— Гвиневера, вы хотя бы отчасти представляете себе свое положение?
— Мое положение — это положение Королевы Англии, так же, как ваше — ее Лорда-Протектора.
— Между тем как Артур и Ланселот дерутся друг с другом во Франции.
— Совершенно верно.
— А если предположить, — спросил он, поглаживая мопса, — что я пришел рассказать вам о полученном мною утром письме? Касательно смерти Артура и Ланселота?
— Я бы вам не поверила.
— Они убили друг друга в сражении.
— Это неправда, — тихо сказала она.
— Ну, в общем-то, нет. А как вы догадались?

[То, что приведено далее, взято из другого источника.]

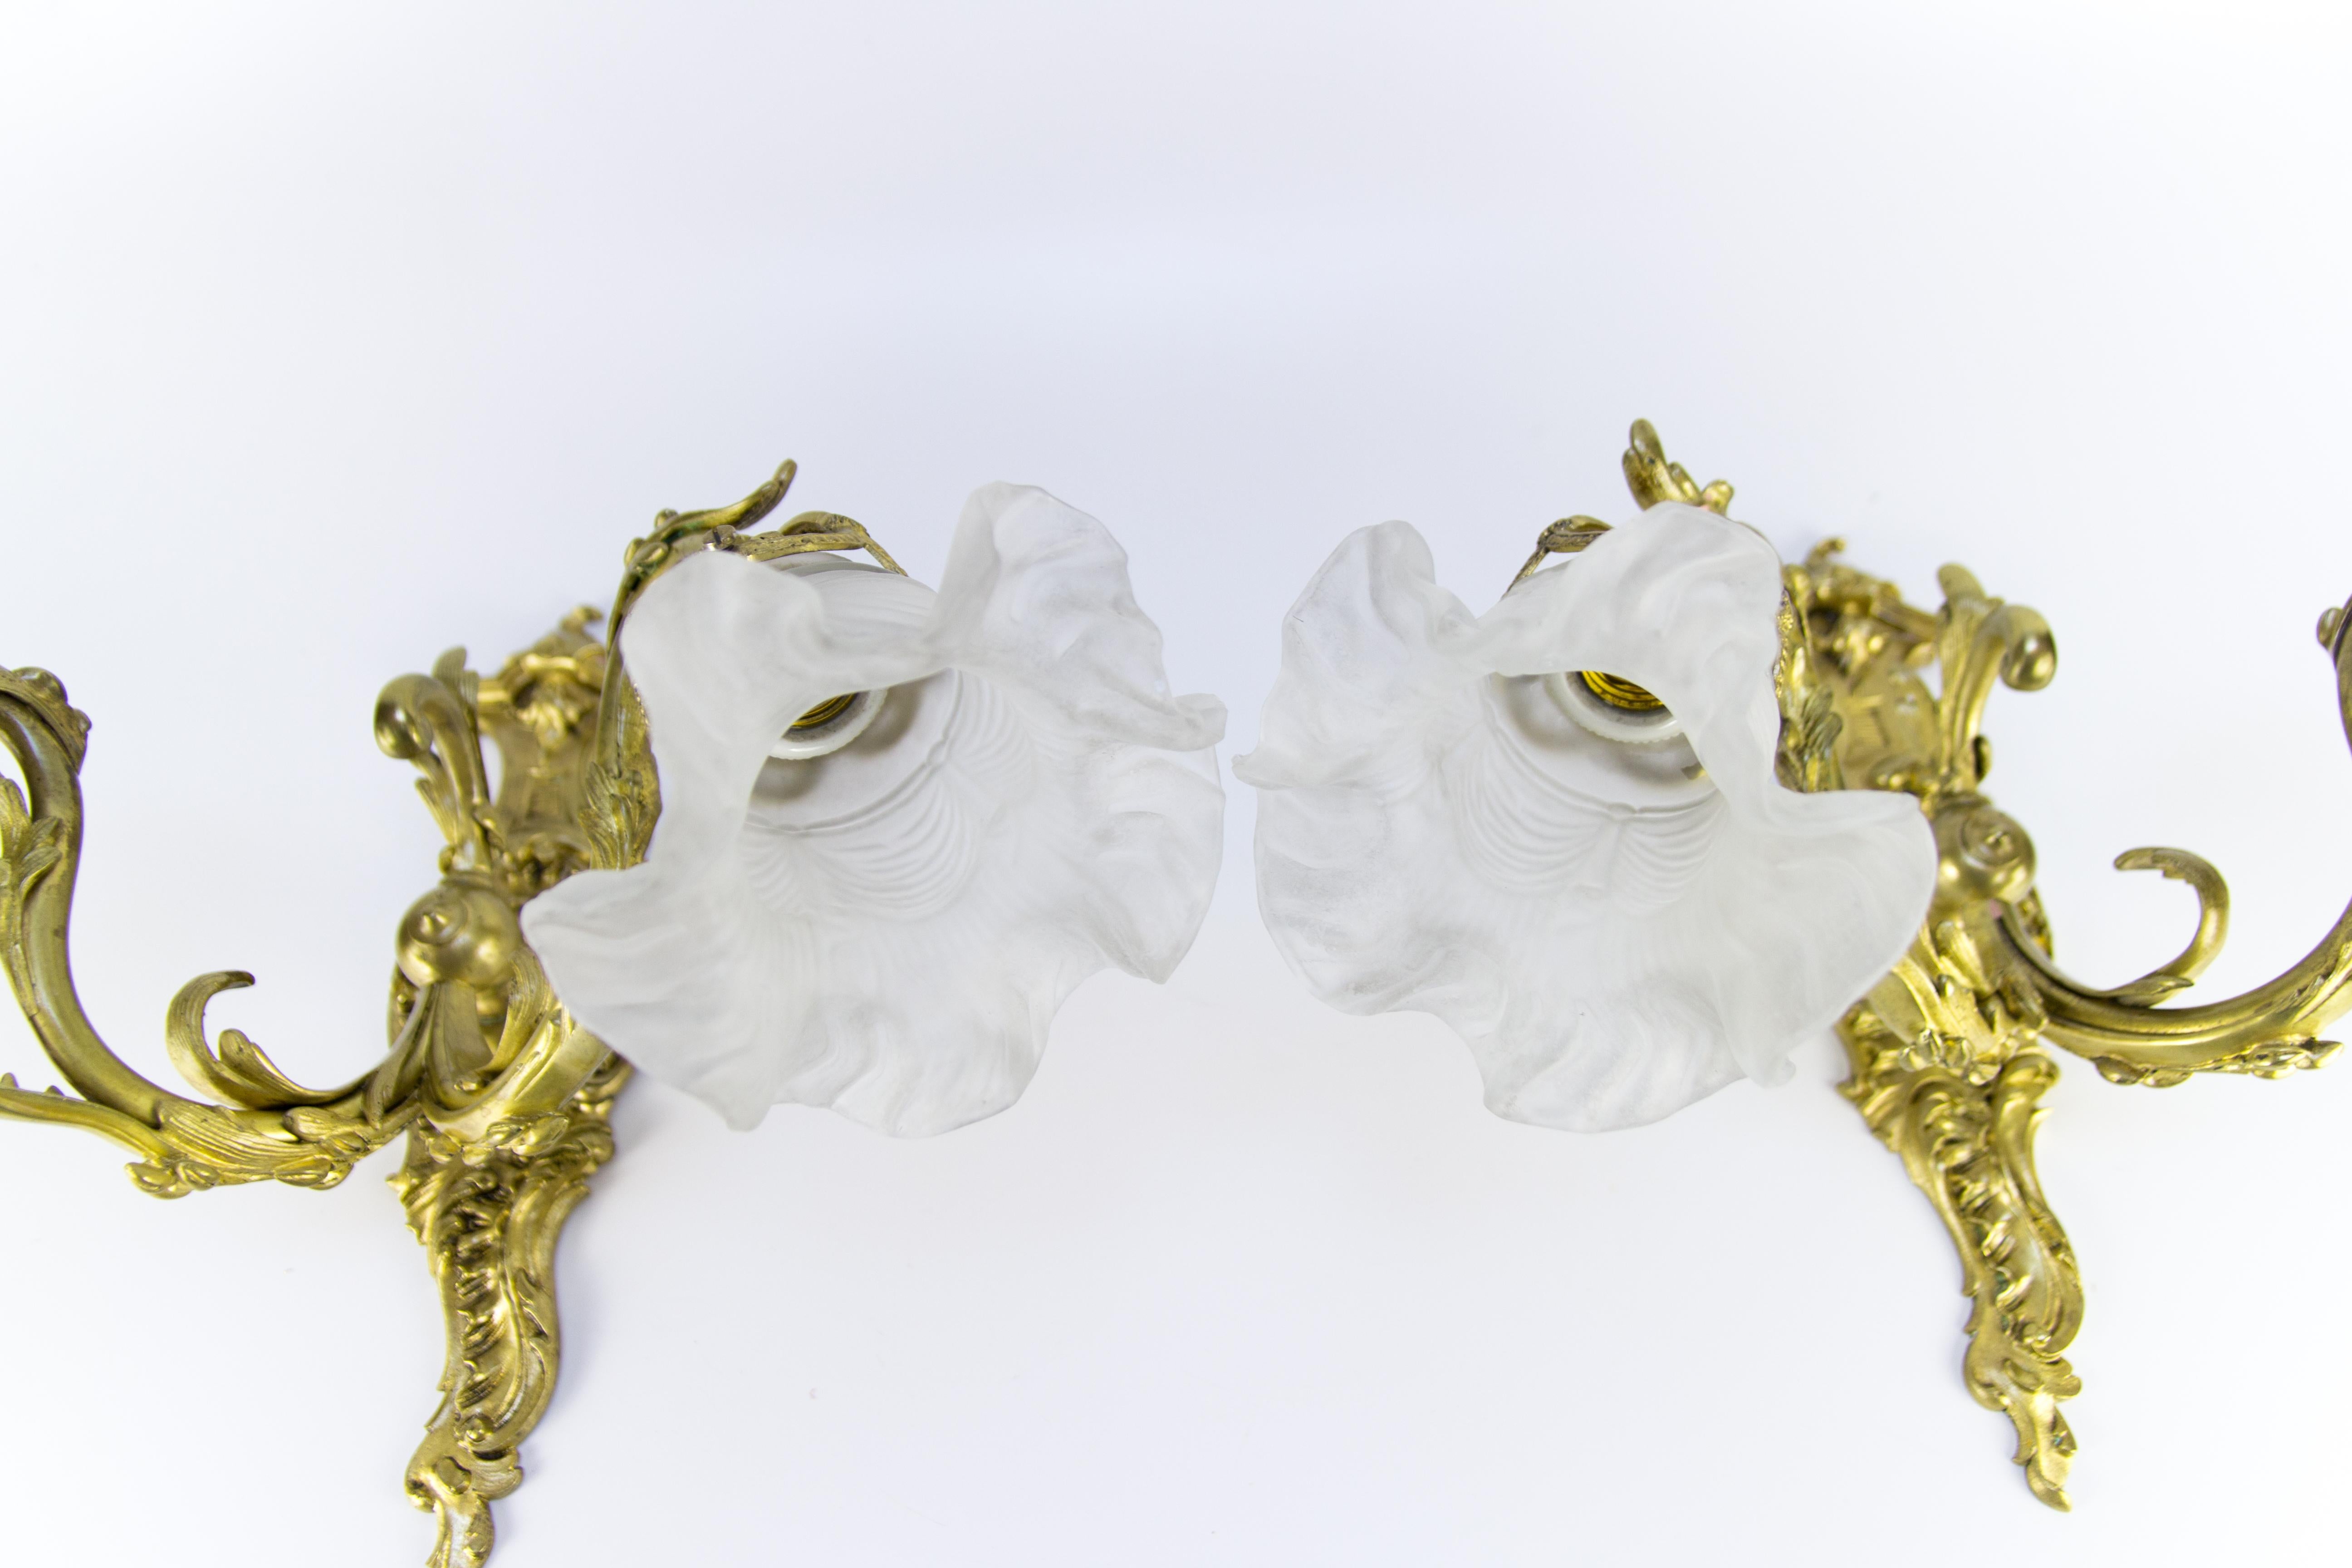 Zwei französische Bronzewandleuchter im Rokokostil aus den 1920er Jahren. Schöne verschnörkelte Rokoko-Details. Jede Leuchte hat zwei Arme aus Bronze und Schirme aus mattiertem Glas, jeweils mit Glühbirnenfassungen der Größe E27 (E26).
Maße: Höhe 35

— И если это неправда, говорить так — жестоко. Зачем вы это сказали?
— Очень многие поверили бы в это, Дженни. Я ожидаю, что очень многие и поверят.
— С чего бы? — спросила она, еще не успев понять, куда он клонит. И умолкла, затаив дыхание. В первый раз она ощутила страх: не за себя, за Артура.
— Не можете же вы…
— Ну, как не могу? Могу, — воскликнул он весело. — И даже сделаю. Что, по-вашему, произойдет, если мы объявим о смерти бедного Артура?
— Но, Мордред, вы не можете так поступить! Они же живы… Вы всем обязаны. Король назначил вас своим наместником… Ваша вассальная клятва… Это будет нечестно! Артур всегда проявлял по отношению к вам такую скрупулезную справедливость…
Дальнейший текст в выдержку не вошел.